_EXERCISE BRIEF_
Restate, word for word, the run of lines that starts at the line containing "Ottawa, Canada family" and ends with the final line of the listing. Leave pictures out.

_RECORDED INFORMATION_
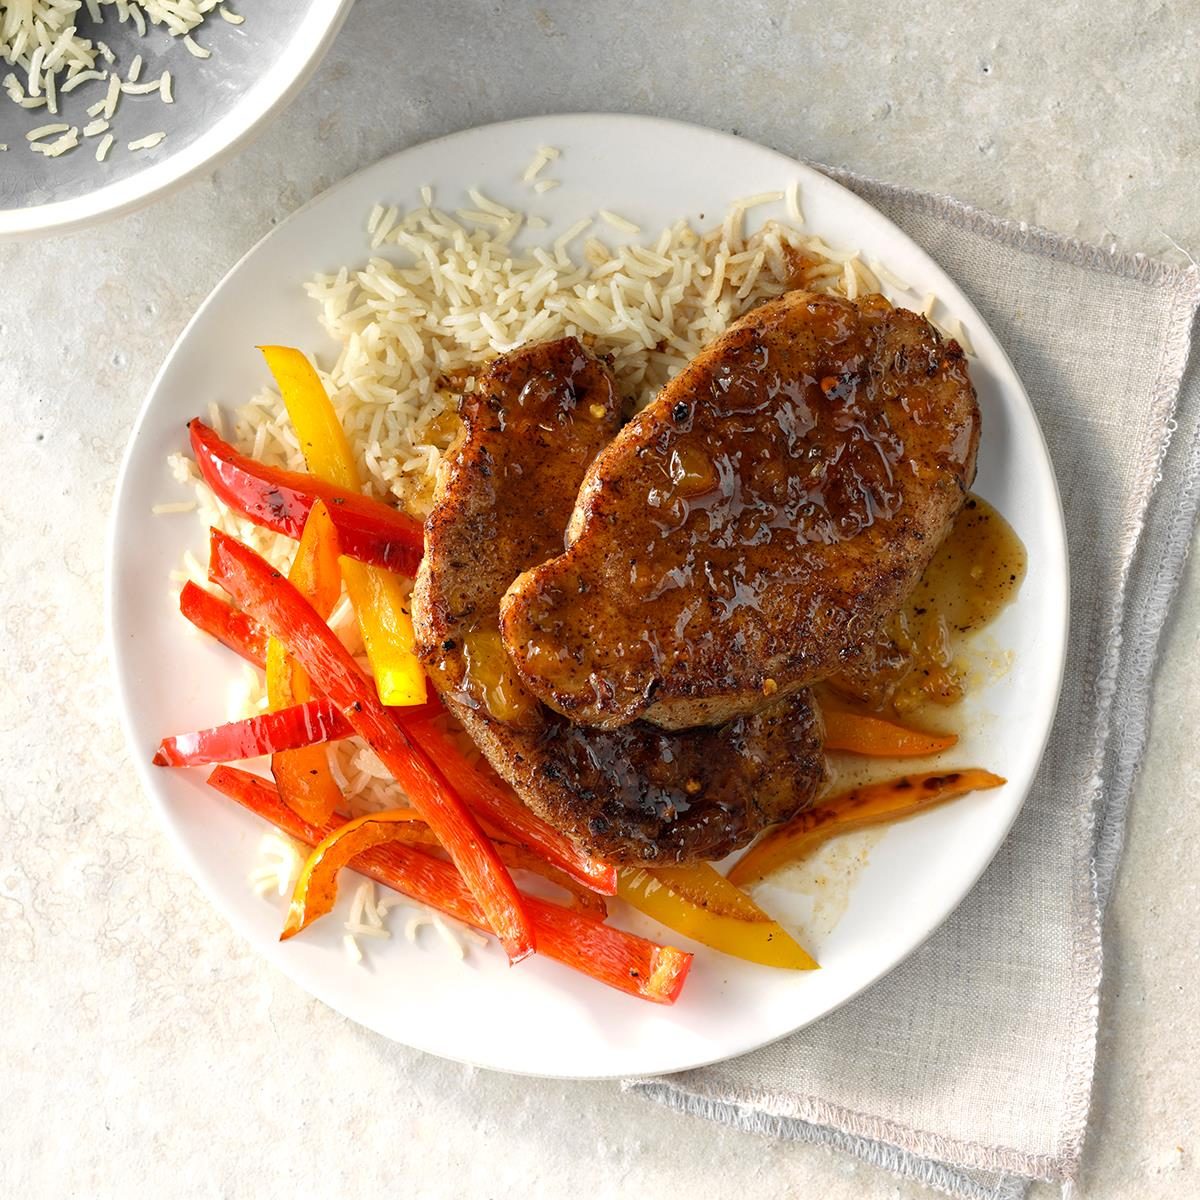 <p>These sweet, spicy chops can be thrown together in minutes, but definitely don't taste like it. Serve it with a side of jasmine rice and you'll feel like you're on a tropical vacation. —Allison Ulrich, Frisco, Texas</p> <div class="listicle-page__buttons"> <div class="listicle-page__cta-button"><a href='https://www.tasteofhome.com/recipes/jamaican-jerk-pork-chops/'>Go to Recipe</a></div> </div>
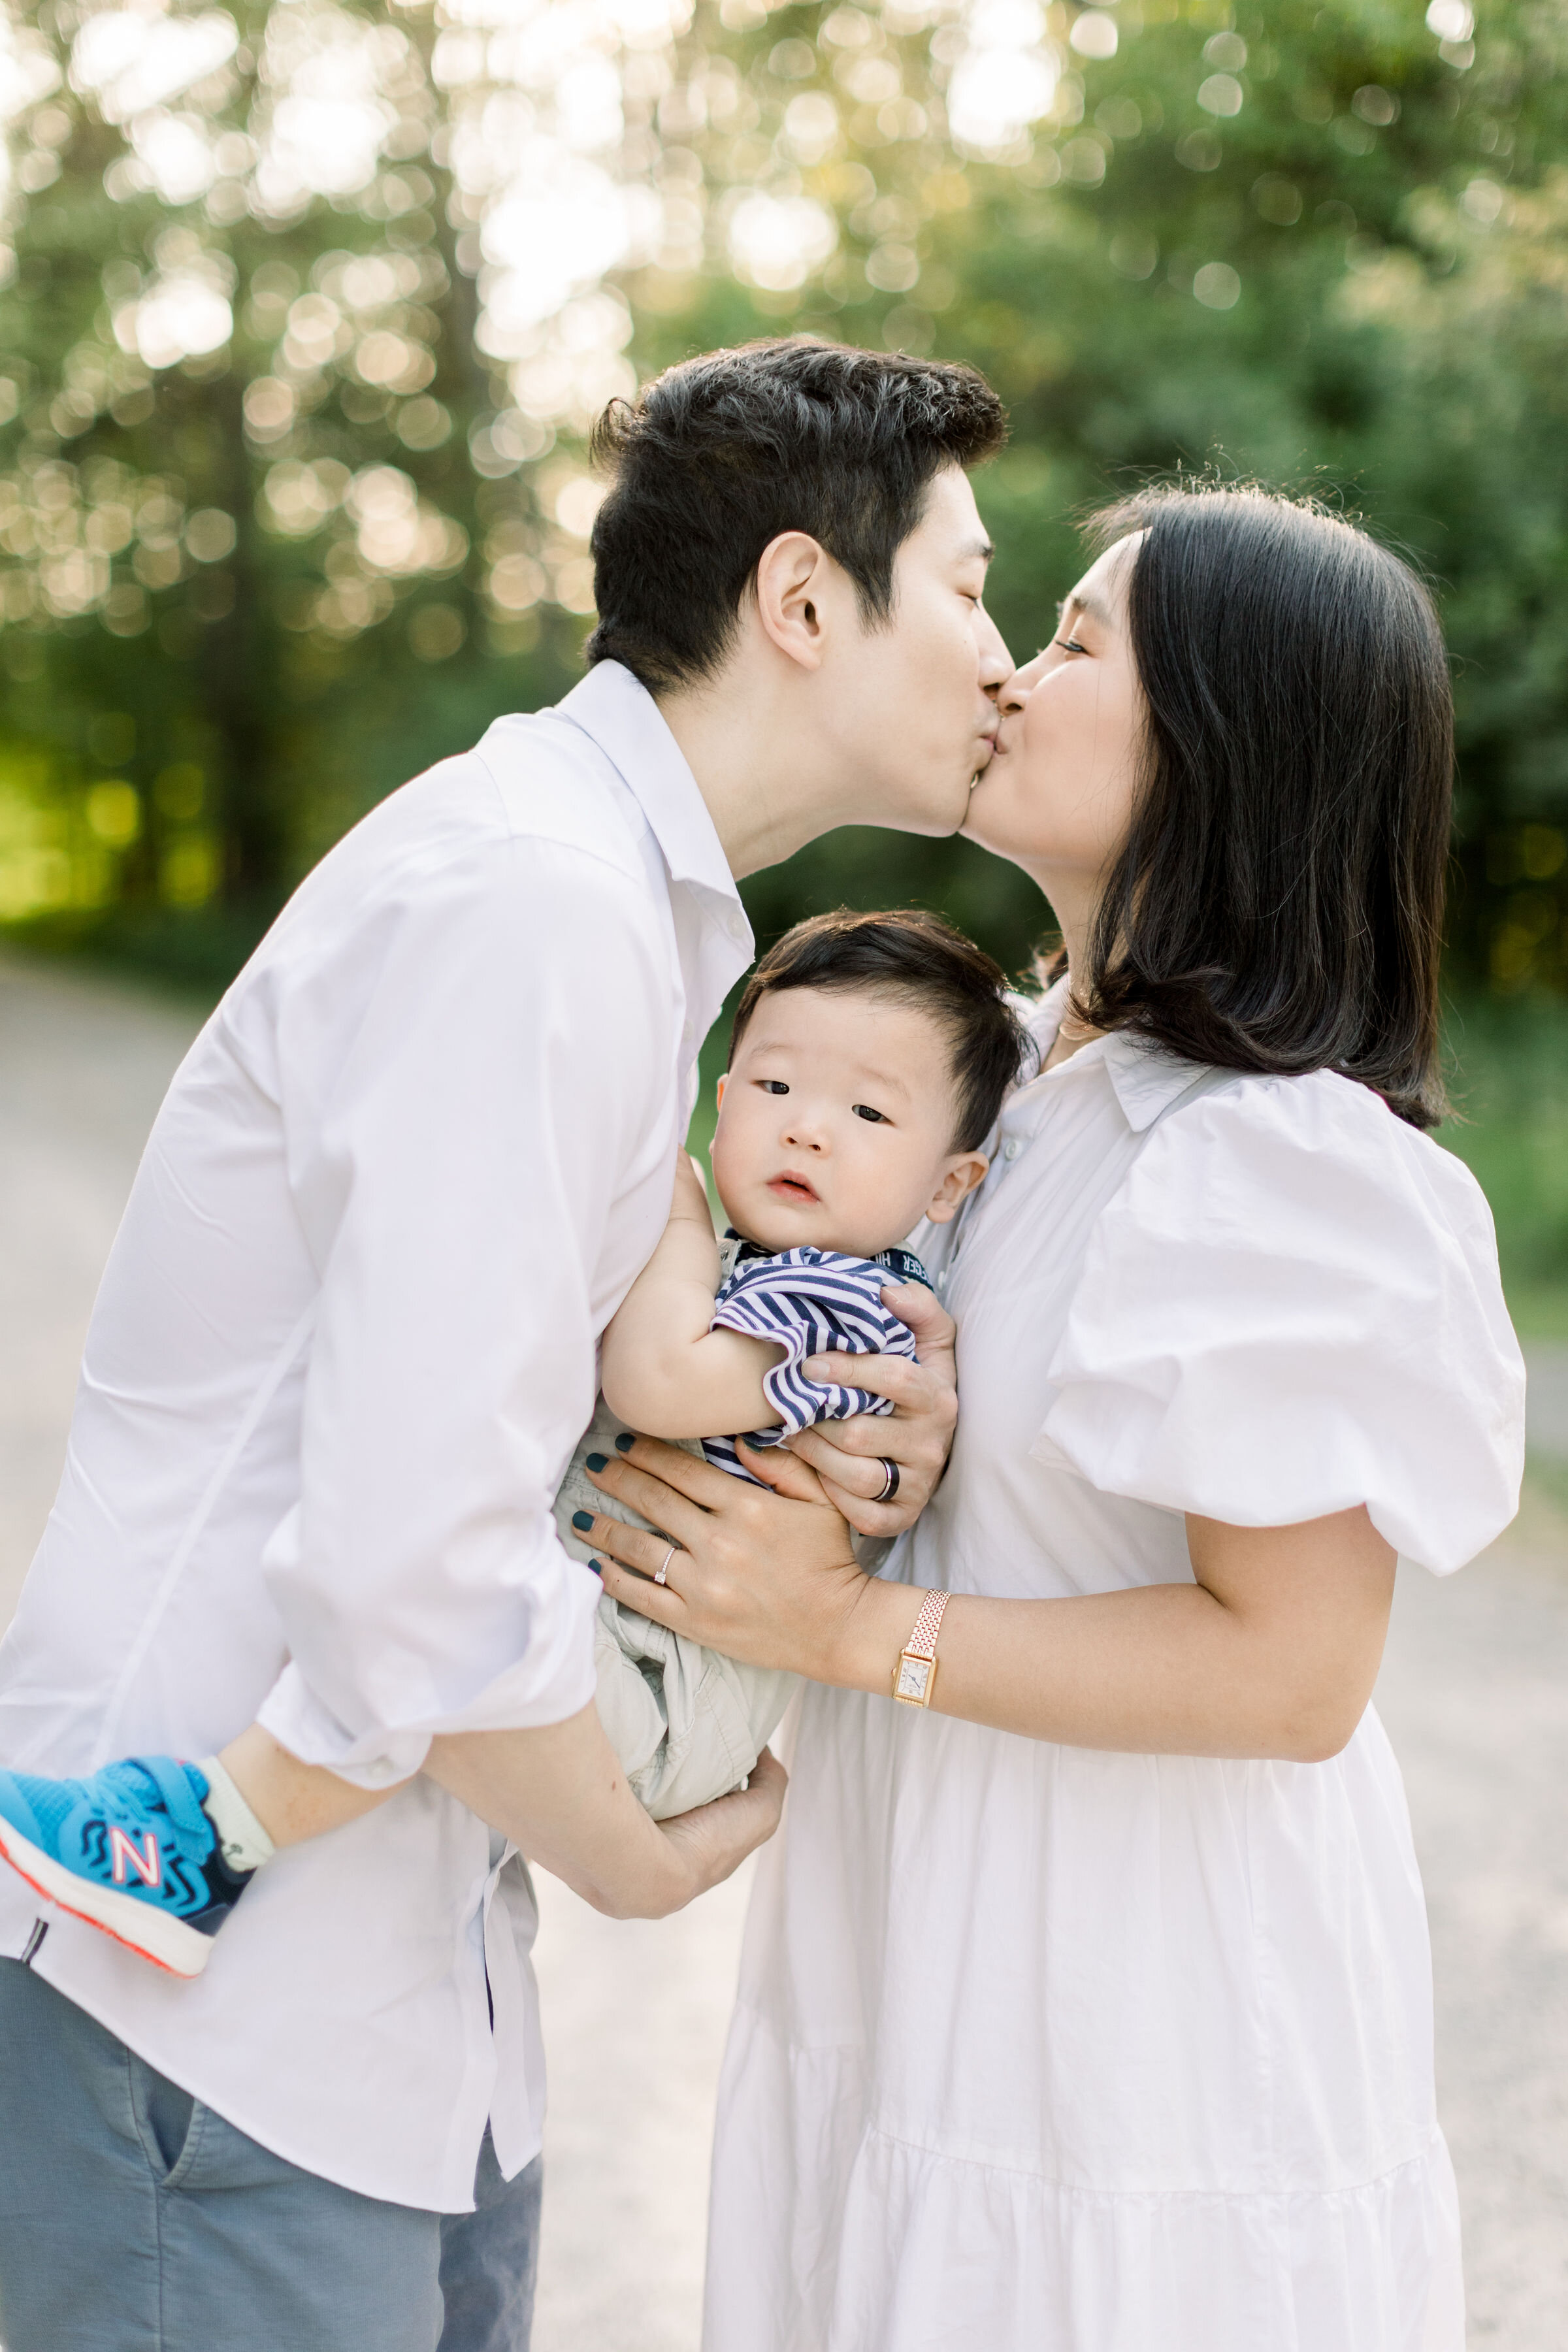  Ottawa, Canada family photographer, Chelsea Mason photography this couple holding their toddler son between them as they lean in for a kiss. kissing couple with toddler boy Ottawa family photographer white family photo outfits women's white tiered d
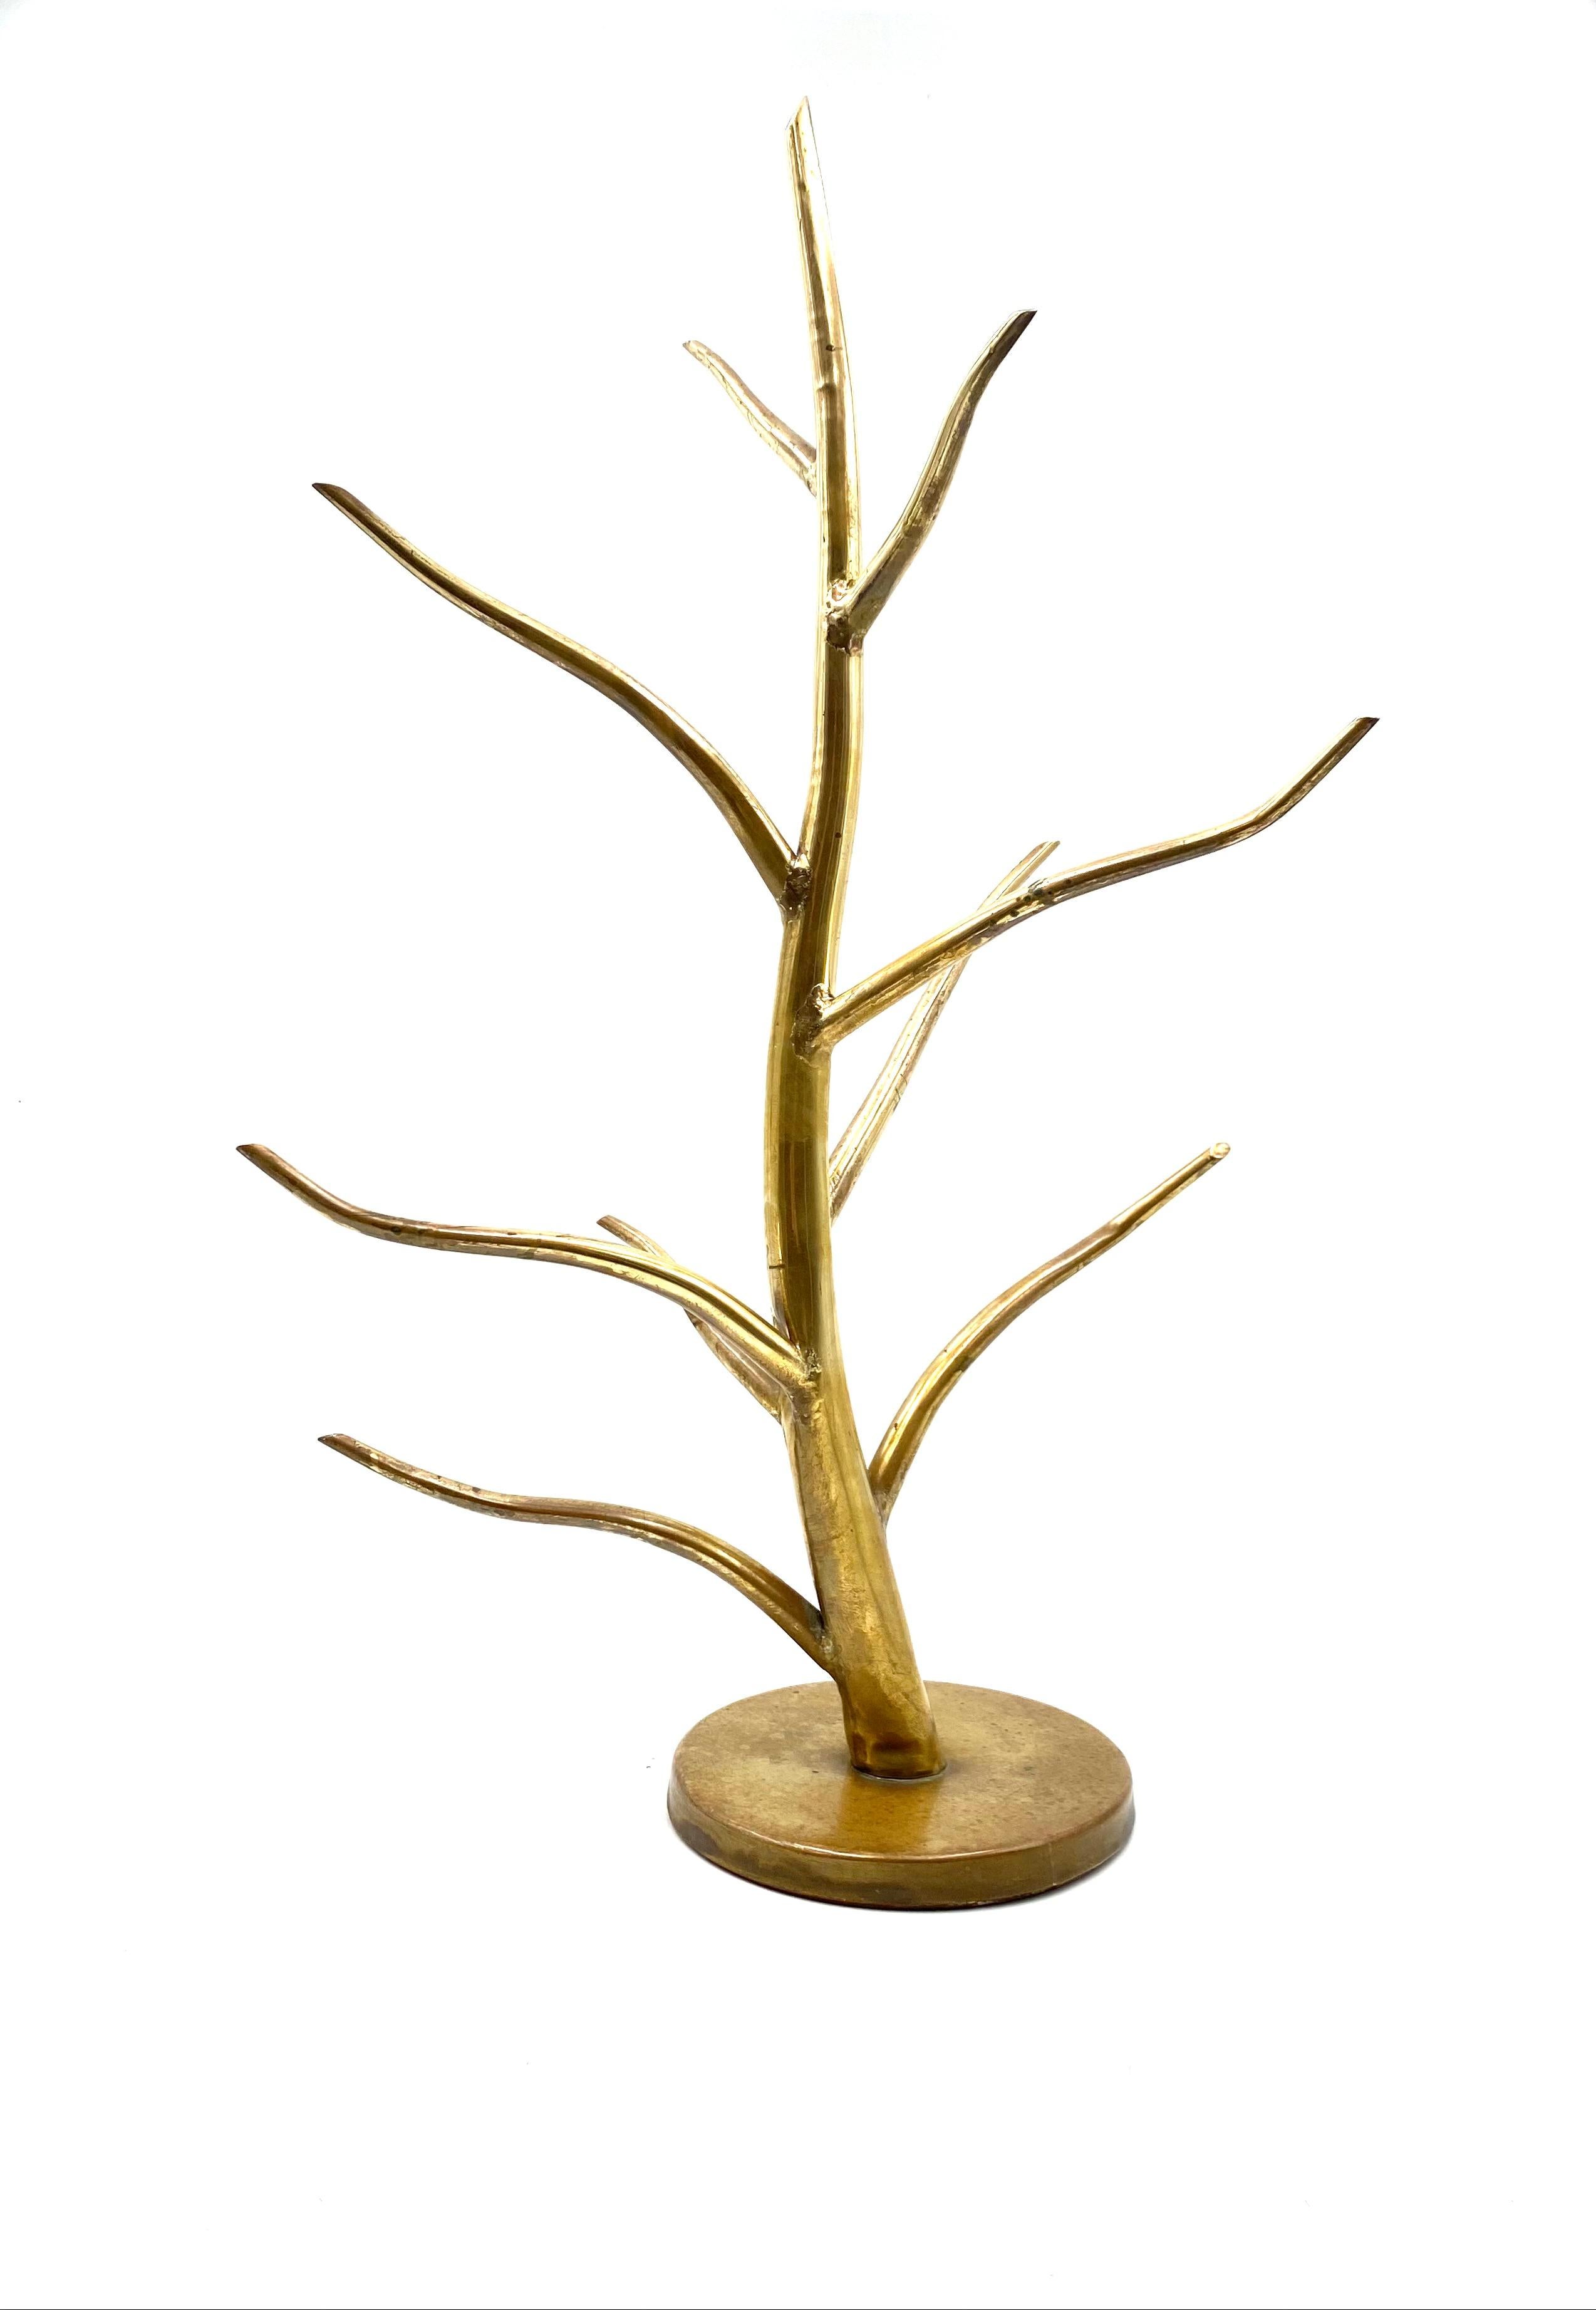 Midcentury Brass Plant-Shaped Stand, Italy, 1970s For Sale 3

_EXPECTED OUTPUT_
  Ottawa, Canada family photographer, Chelsea Mason photography this couple holding their toddler son between them as they lean in for a kiss. kissing couple with toddler boy Ottawa family photographer white family photo outfits women's white tiered d
 Midcentury Brass Plant-Shaped Stand, Italy, 1970s For Sale 3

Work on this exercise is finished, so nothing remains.